(Available data)

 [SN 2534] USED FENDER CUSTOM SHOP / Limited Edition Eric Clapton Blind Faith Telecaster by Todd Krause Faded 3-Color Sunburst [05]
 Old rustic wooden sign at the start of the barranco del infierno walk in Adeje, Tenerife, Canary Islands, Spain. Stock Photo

(End Available data)
(Available data)

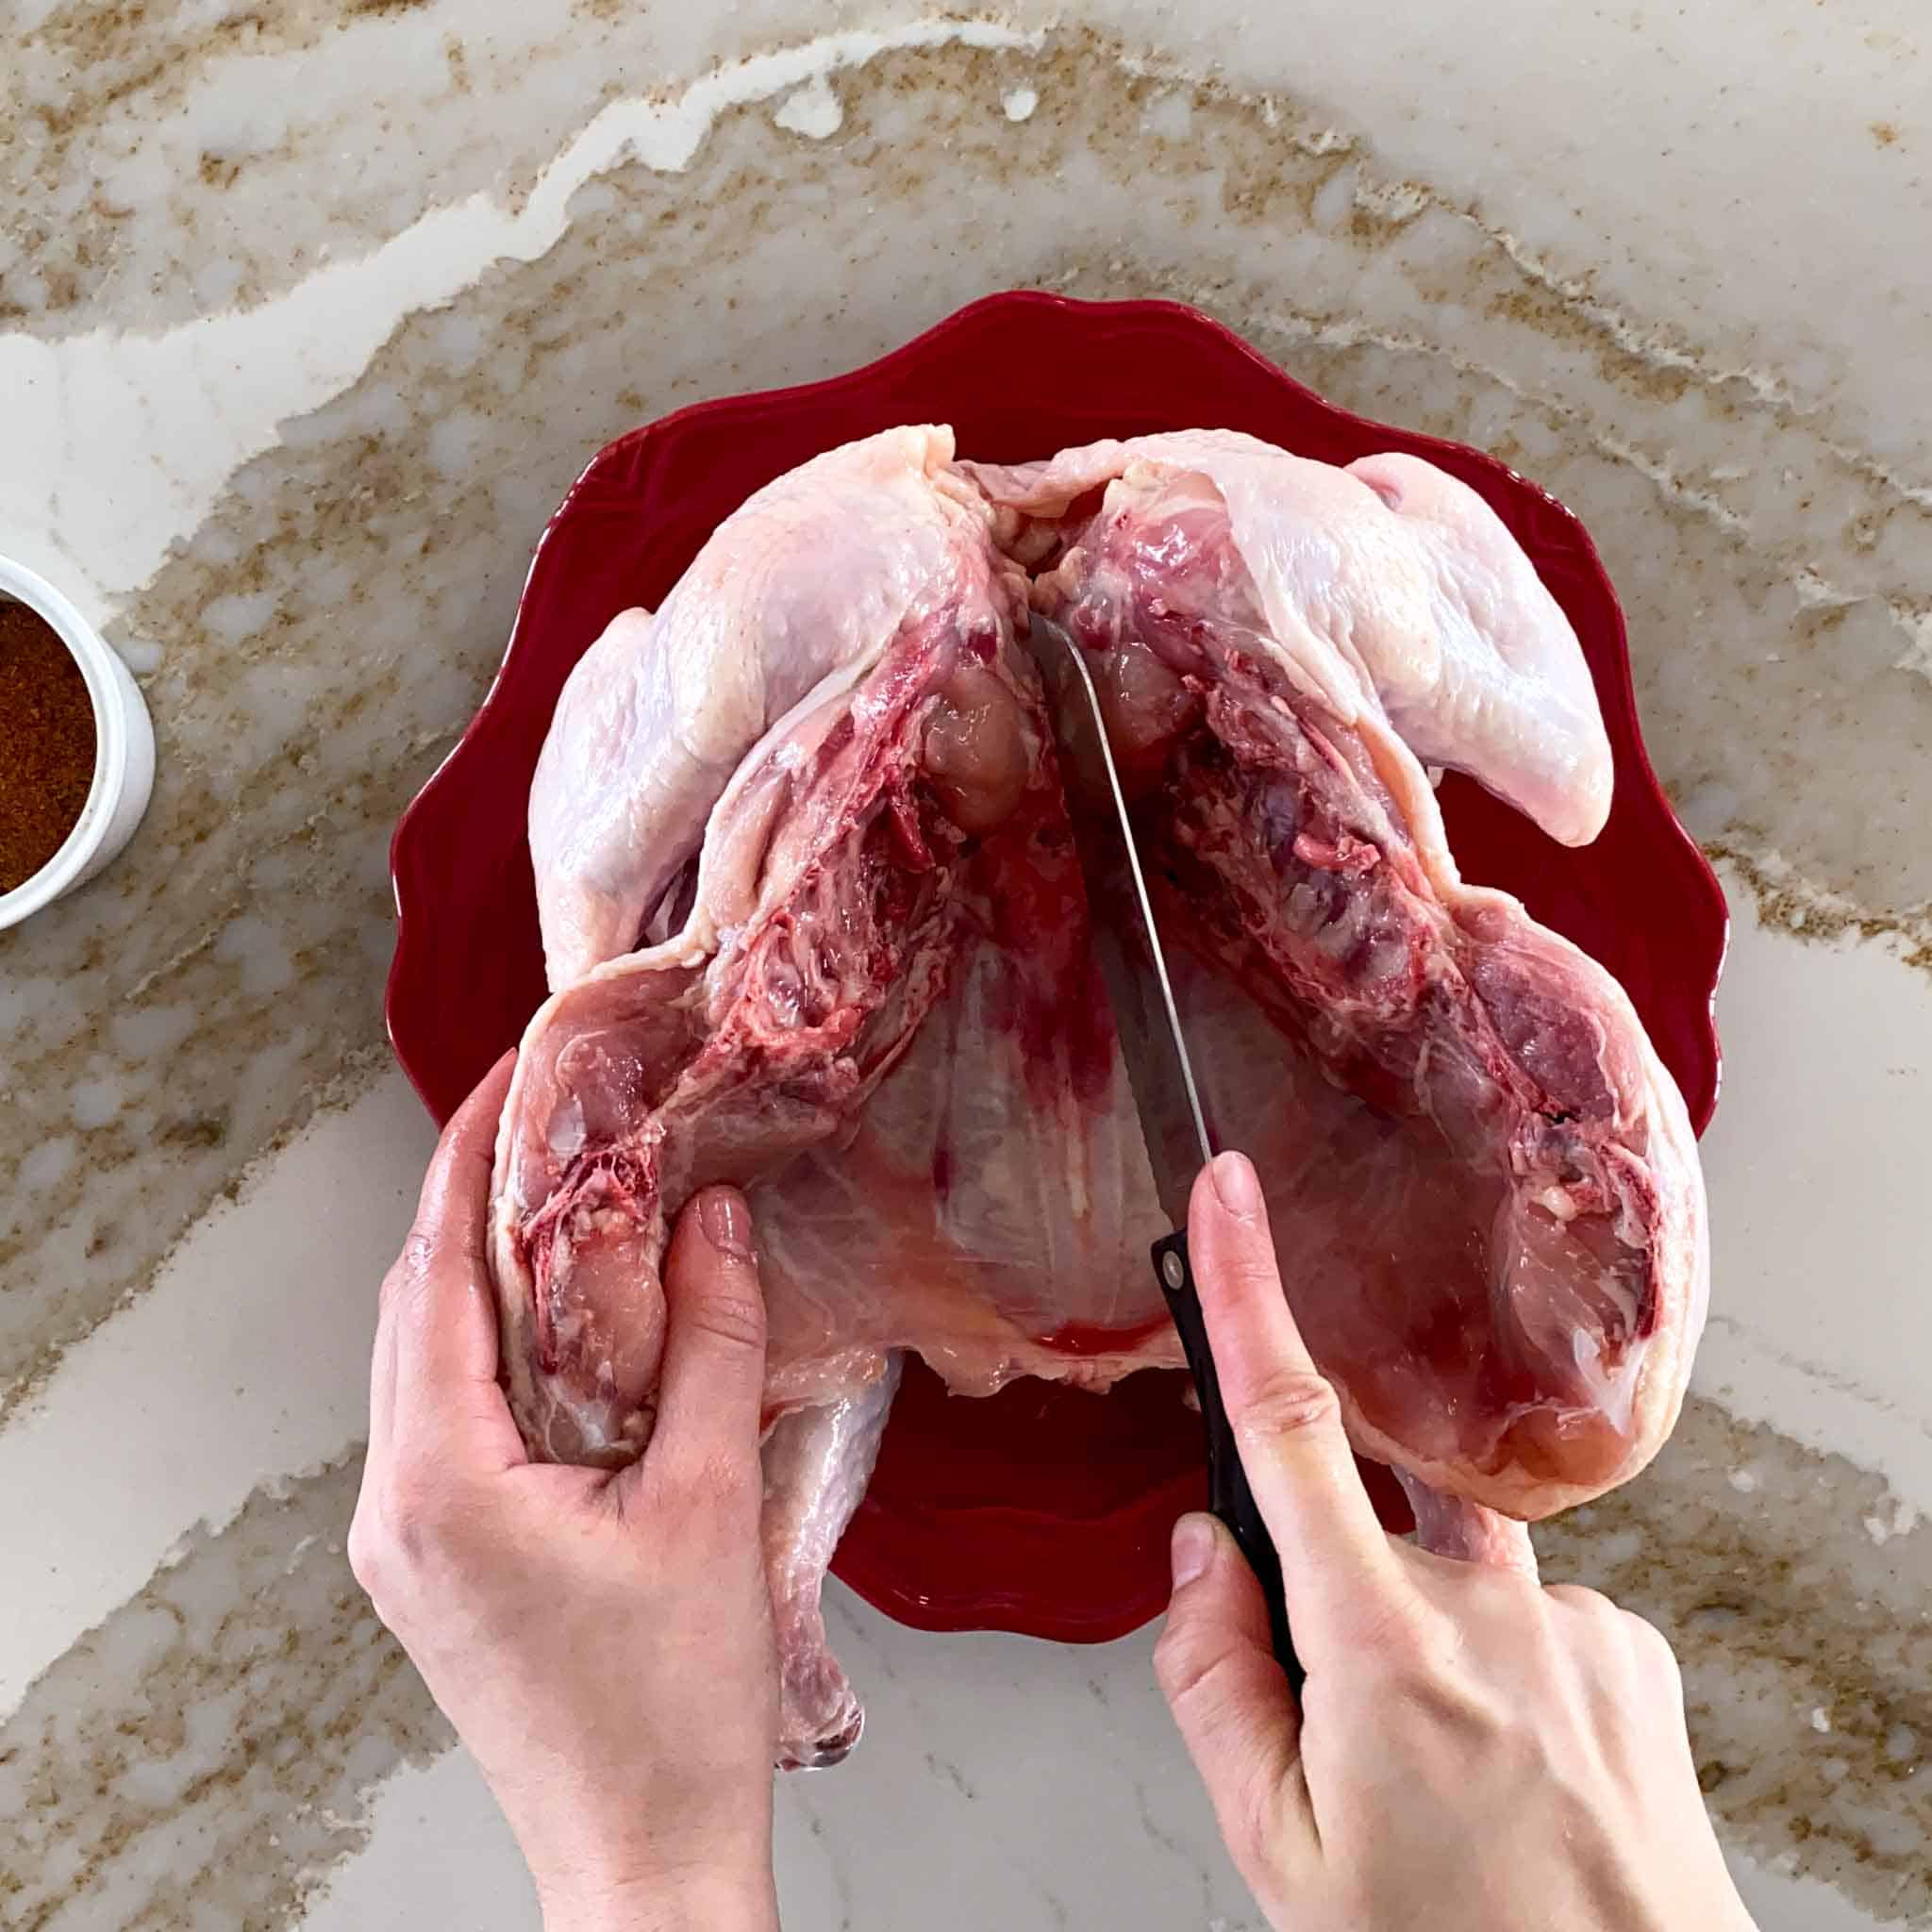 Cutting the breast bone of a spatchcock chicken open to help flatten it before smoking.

(End Available data)
(Available data)

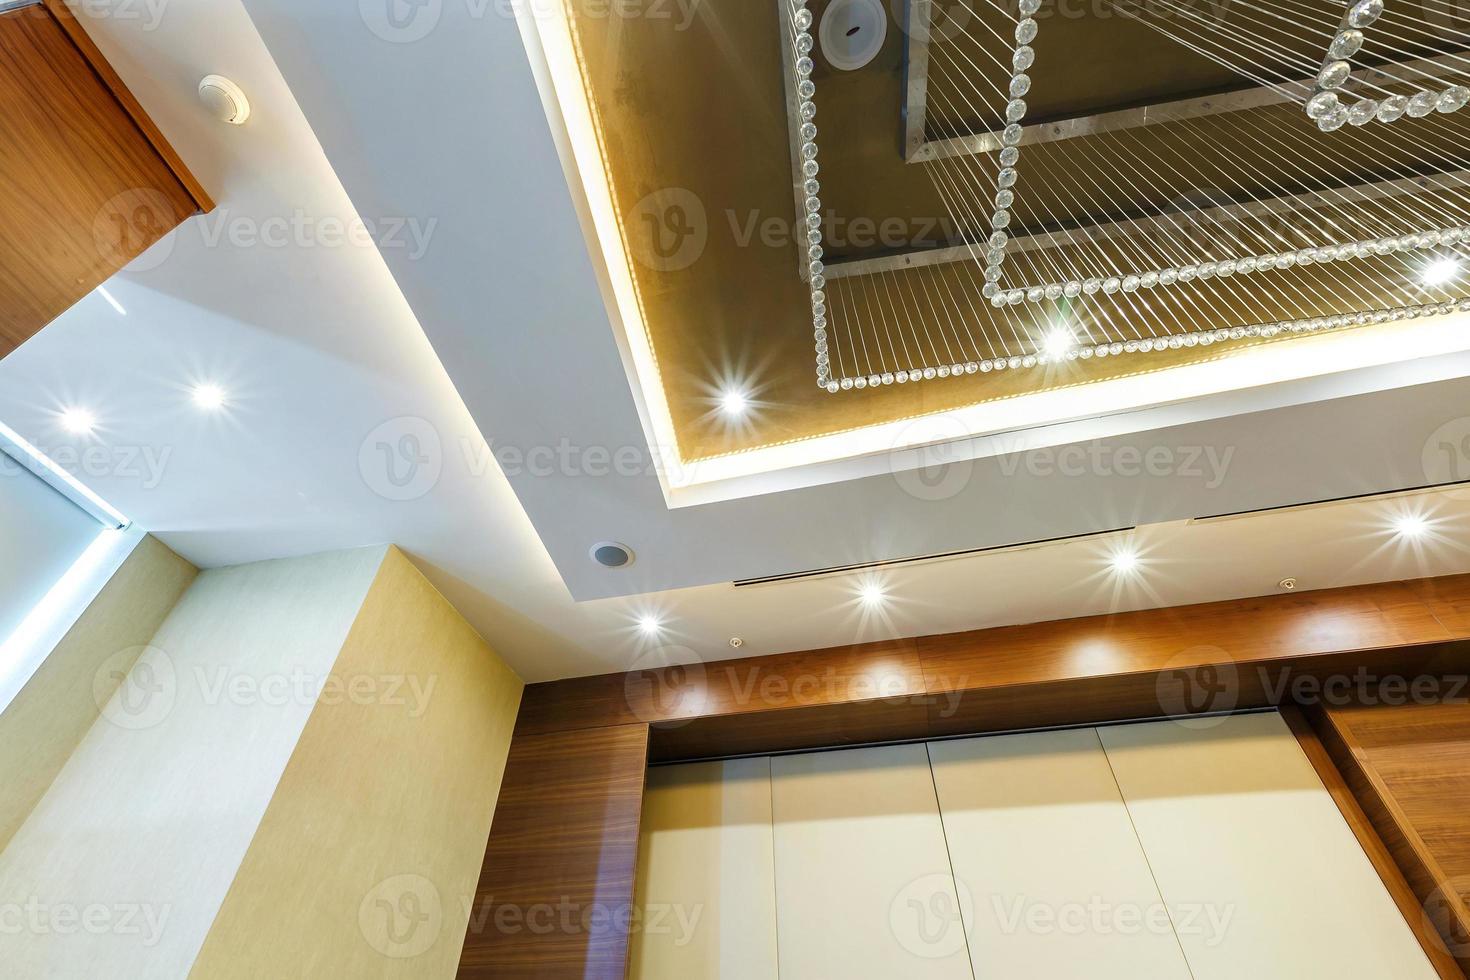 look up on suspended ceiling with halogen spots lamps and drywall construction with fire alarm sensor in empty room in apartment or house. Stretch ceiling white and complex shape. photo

(End Available data)

Your instructions: Copy verbatim, from the listing above, each line from the one containing "[SN 2534] USED" down to the one containing "Old rustic wooden", inclusive.

Reply:
 [SN 2534] USED FENDER CUSTOM SHOP / Limited Edition Eric Clapton Blind Faith Telecaster by Todd Krause Faded 3-Color Sunburst [05]
 Old rustic wooden sign at the start of the barranco del infierno walk in Adeje, Tenerife, Canary Islands, Spain. Stock Photo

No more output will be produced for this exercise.